Given information:
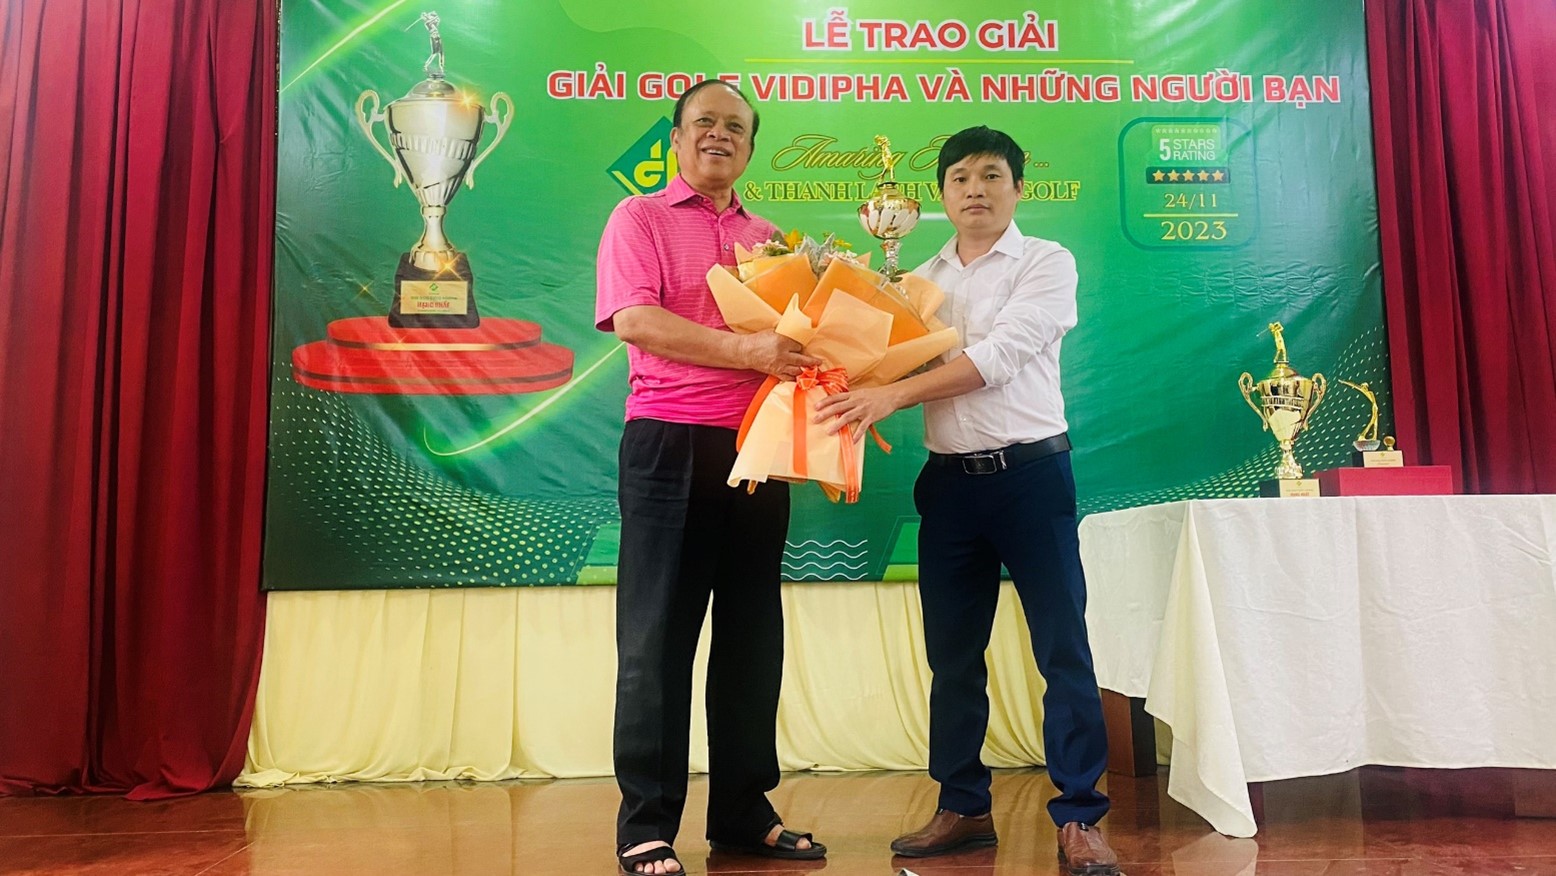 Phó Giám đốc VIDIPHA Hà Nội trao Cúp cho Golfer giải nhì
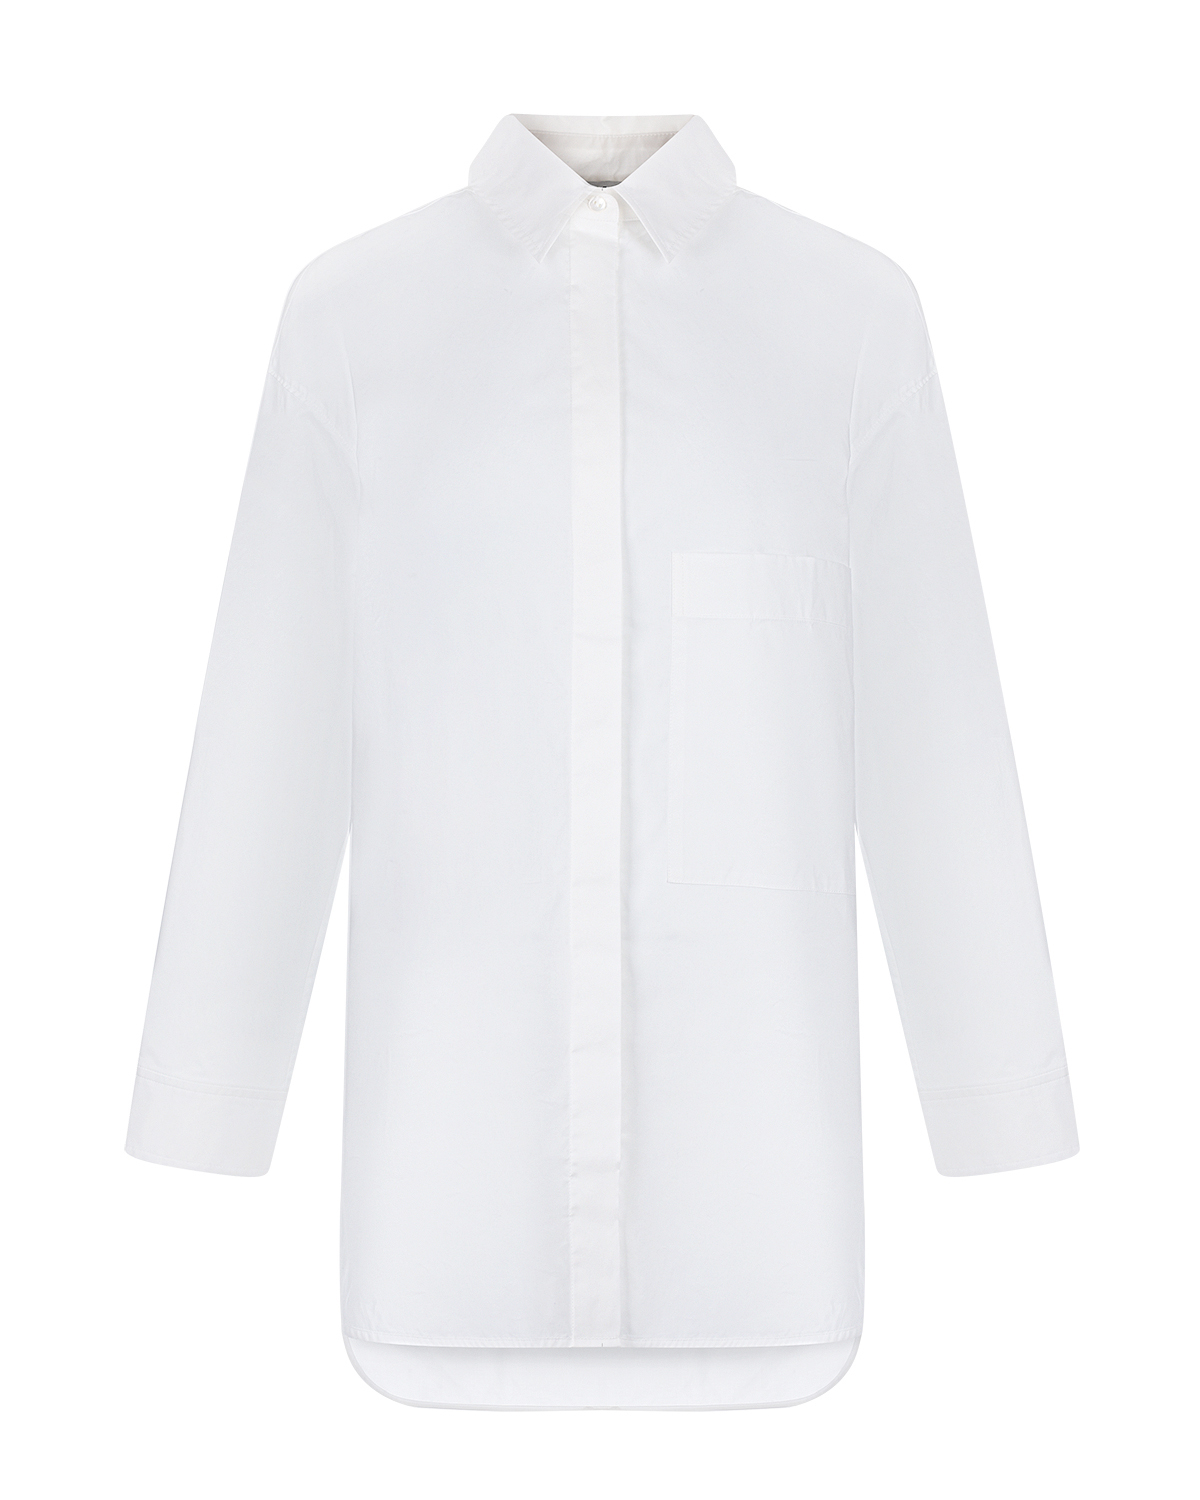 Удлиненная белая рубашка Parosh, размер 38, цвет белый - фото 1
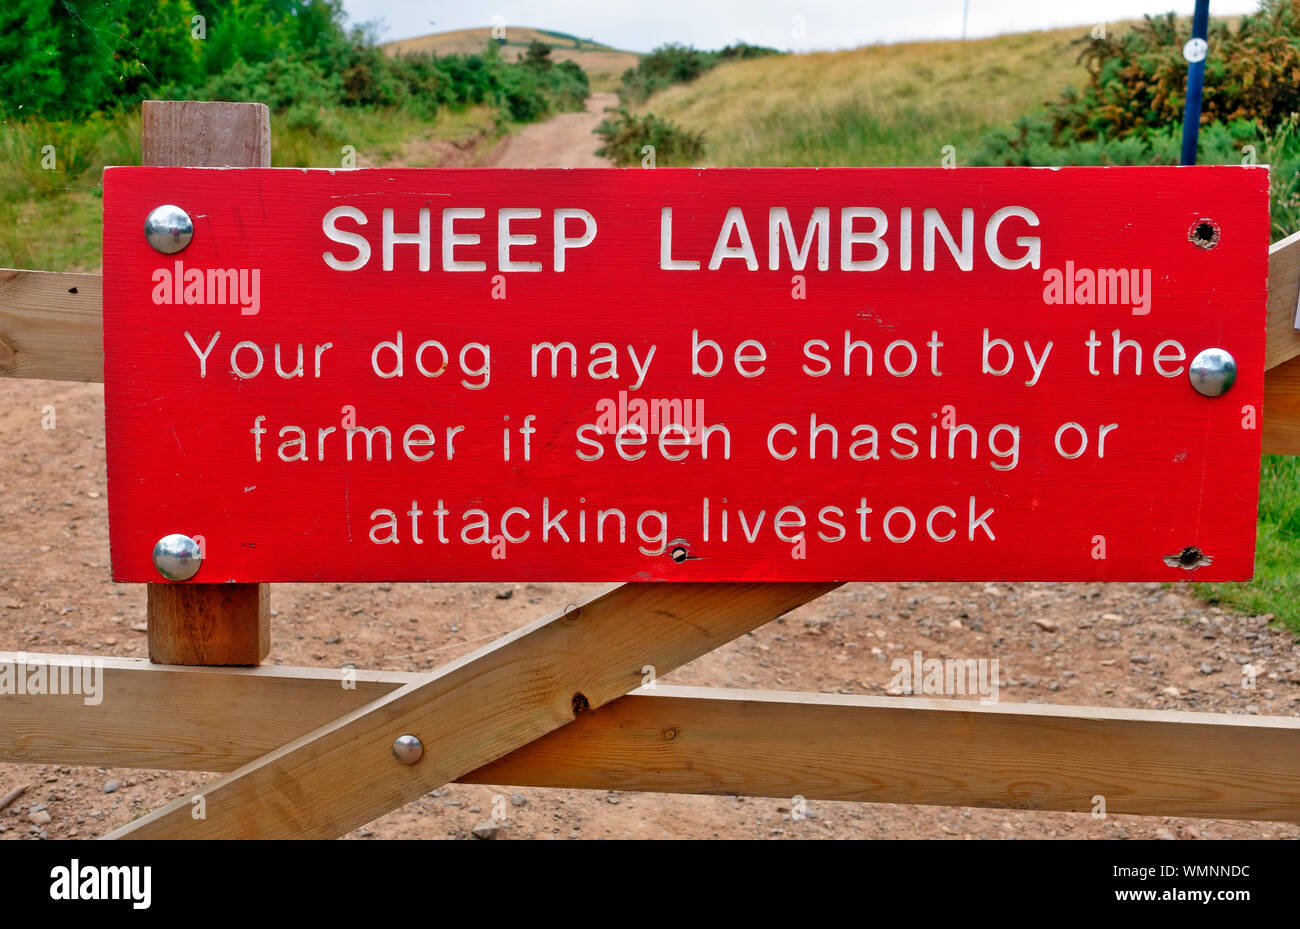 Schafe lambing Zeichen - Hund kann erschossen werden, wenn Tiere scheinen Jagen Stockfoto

Problem to work on:
Print every line above exactly. Leave the pictures out.

Answer section:
 Phó Giám đốc VIDIPHA Hà Nội trao Cúp cho Golfer giải nhì
 Удлиненная белая рубашка Parosh, размер 38, цвет белый - фото 1
 Schafe lambing Zeichen - Hund kann erschossen werden, wenn Tiere scheinen Jagen Stockfoto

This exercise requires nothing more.